# Can my pitbull be full breed with these bat like ears??



## PitbullMommy623 (Jun 11, 2014)

My boyfriend recently brought me home a supposed blue nose pit...i live him to death including his silly bat like ears but have never seen them on a pit. Can anyone clarify?

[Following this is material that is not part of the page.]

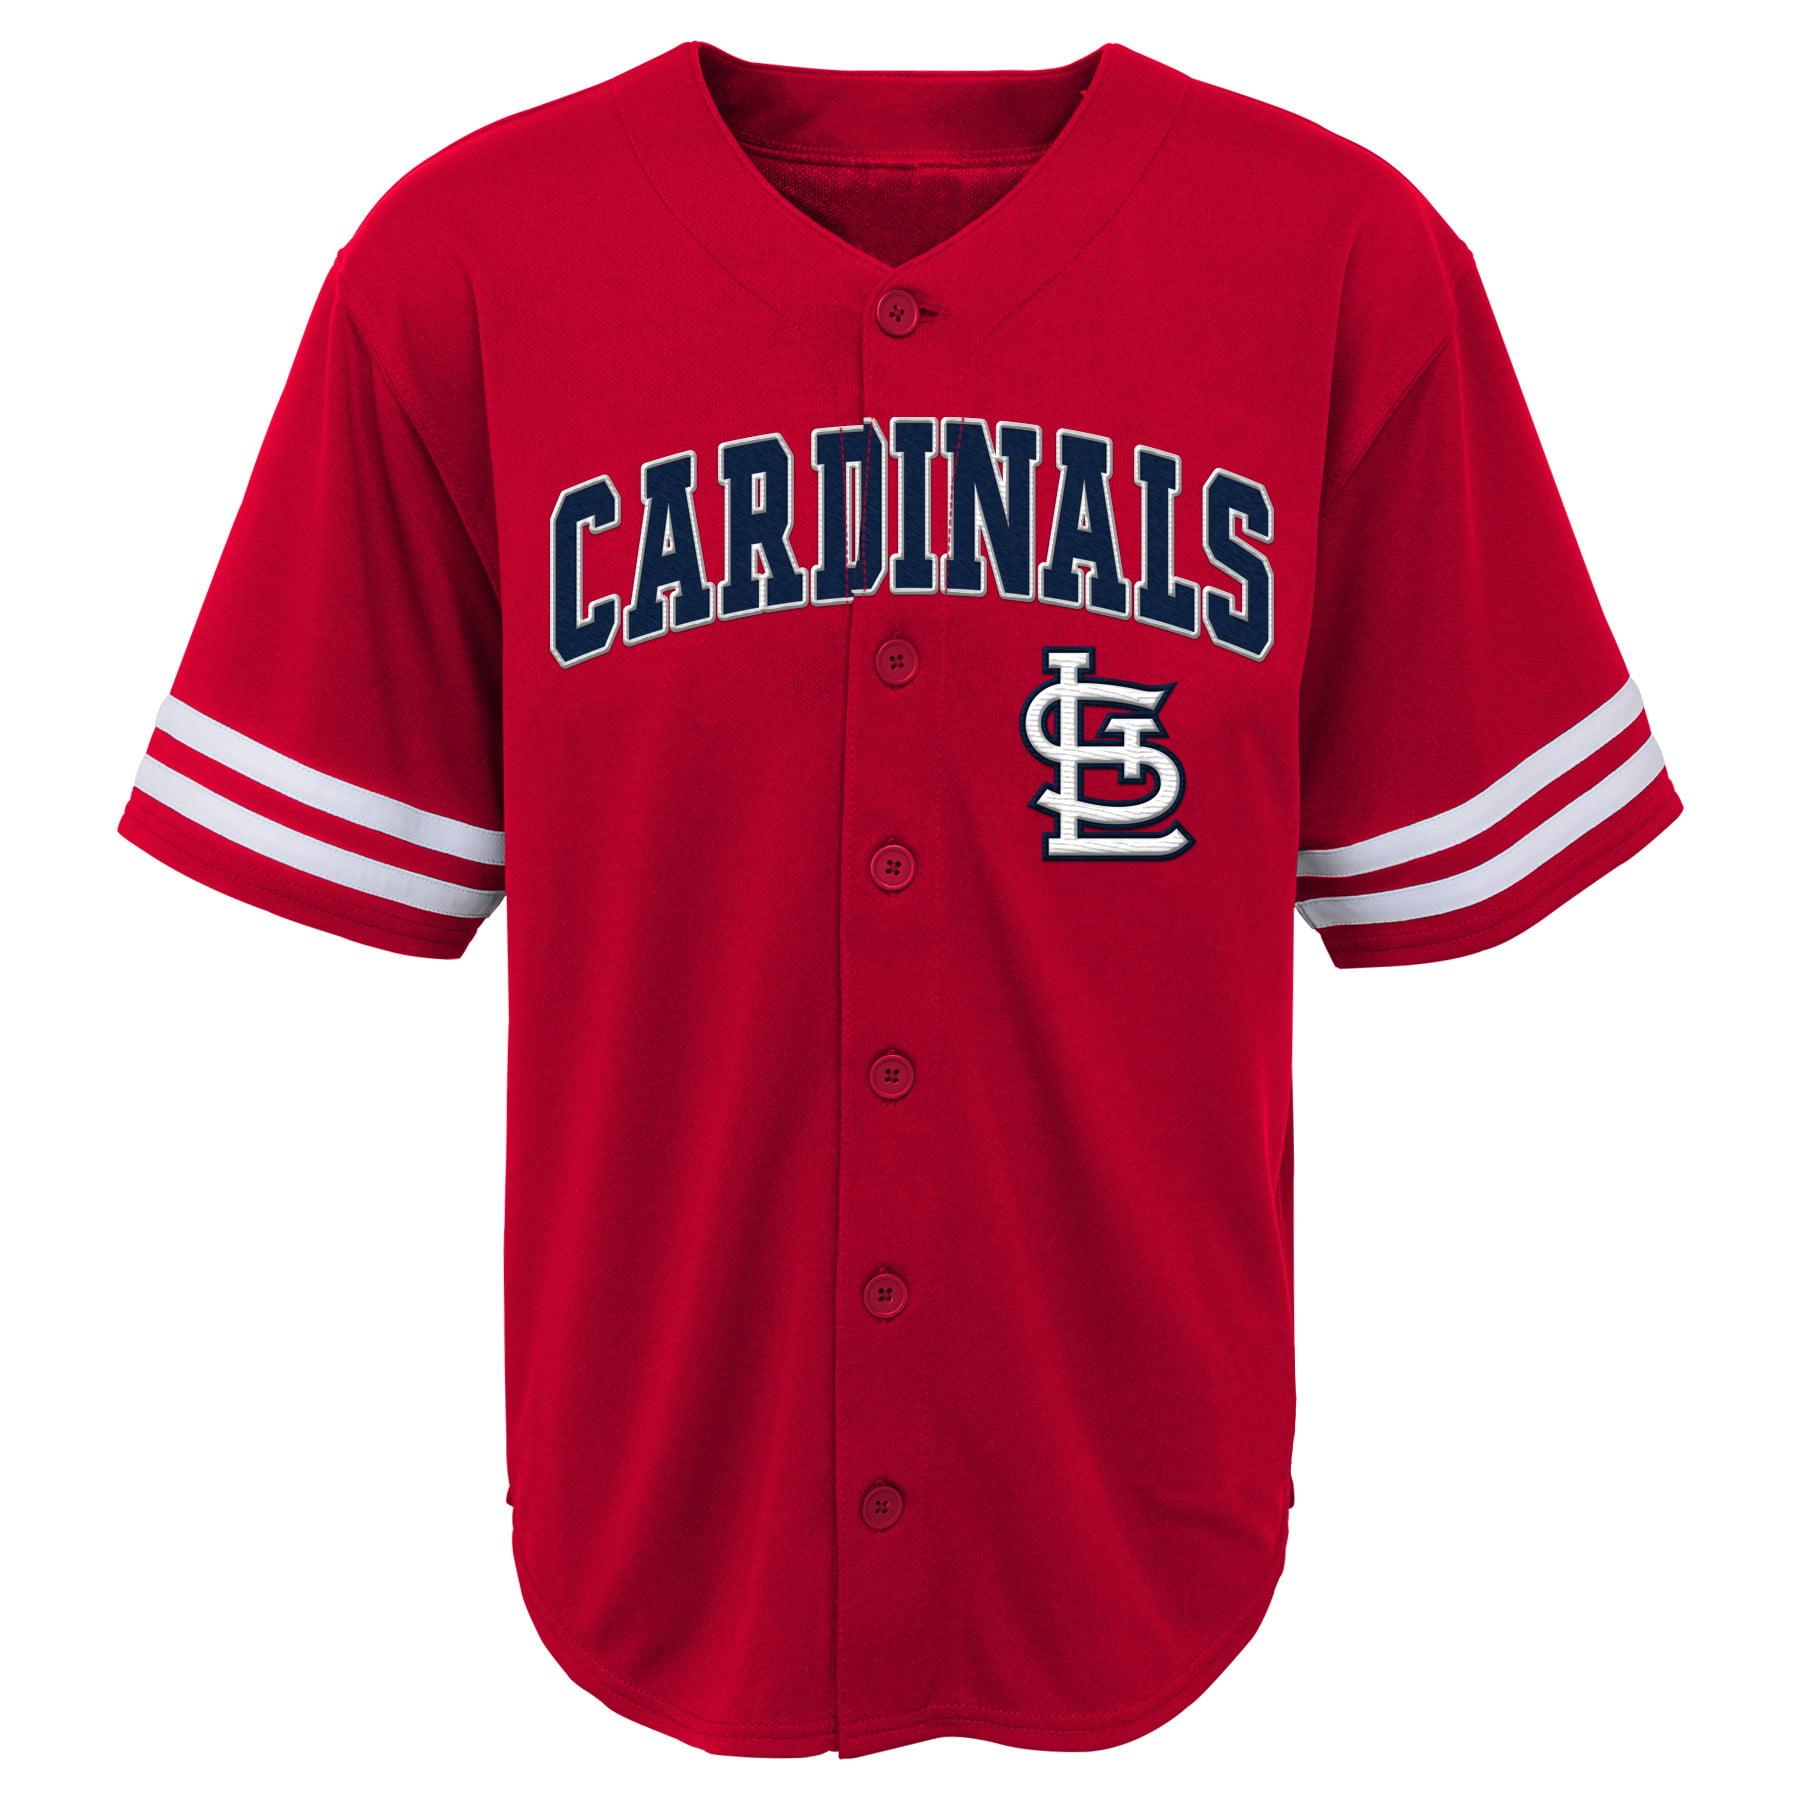 MLB St Louis CARDINALS TEE Short Sleeve Boys Fashion Jersey Tee 60% Cotton 40% Polyester BLACK Team Tee 4-18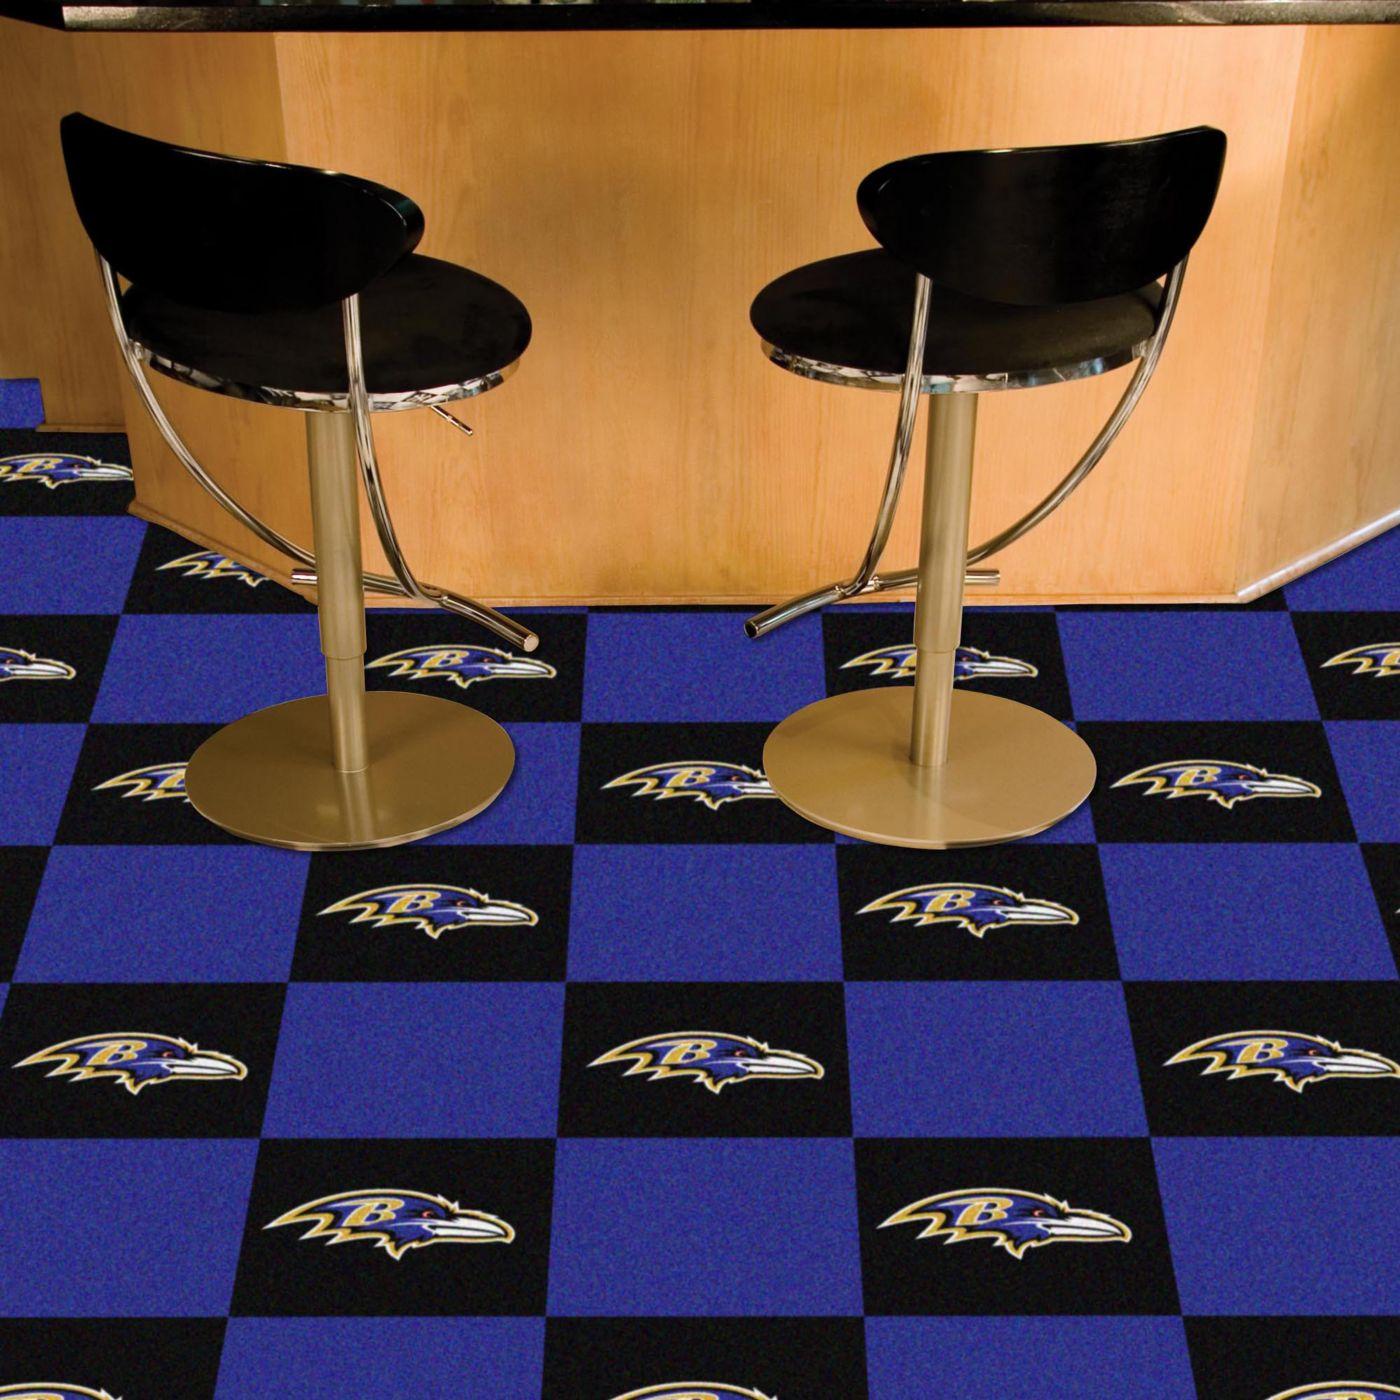 FANMATS Baltimore Ravens Team Carpet Tiles

https://fbcdn-photos-f-a.akamaihd.n...9_10152401374331628_2519358045215996433_n.jpg

https://fbcdn-photos-h-a.akamaihd.n...52401374111628_5124389661267100405_n.jpgTammy


----------



## ::::COACH:::: (Apr 4, 2012)

Bully breeds can have bat ears, many purebreds do as well as mixed. However, if your dog doesn't have legit pedigree papers, there is no way to know what breed he is. He *looks* like an American Bully mix to me.


----------



## BCdogs (May 30, 2014)

What Coach said.

Also, bluenose isn't a "type" of Pit Bull, it just describes the colour, so there's no ambiguity there. Your dog either has a blue nose or it doesn't.


----------



## jttar (Jan 31, 2013)

Hello PitbullMommy623,

Welcome to the forum. As mentioned, if you don't have pedigree papers it is probably a mixed breed but there is no way of telling. What is for certain is what a cute pup you have. Love those "bat" ears. Glad to hear that you are so fond of the pup already. Many happy years together. 
Thanks for the introduction and the pictures.

Joe


----------



## PitbullMommy623 (Jun 11, 2014)

Thanks for responses. I am very in love with my new pup. Is so smart too....i have 2 other pitbull mixes although I swear my big white one is an Argentina Dogo.https://fbcdn-sphotos-g-a.akamaihd....0-8/1888774_10152275381181628_739631233_o.jpg
The white bone is Thor...being a dog and digging holes in pic.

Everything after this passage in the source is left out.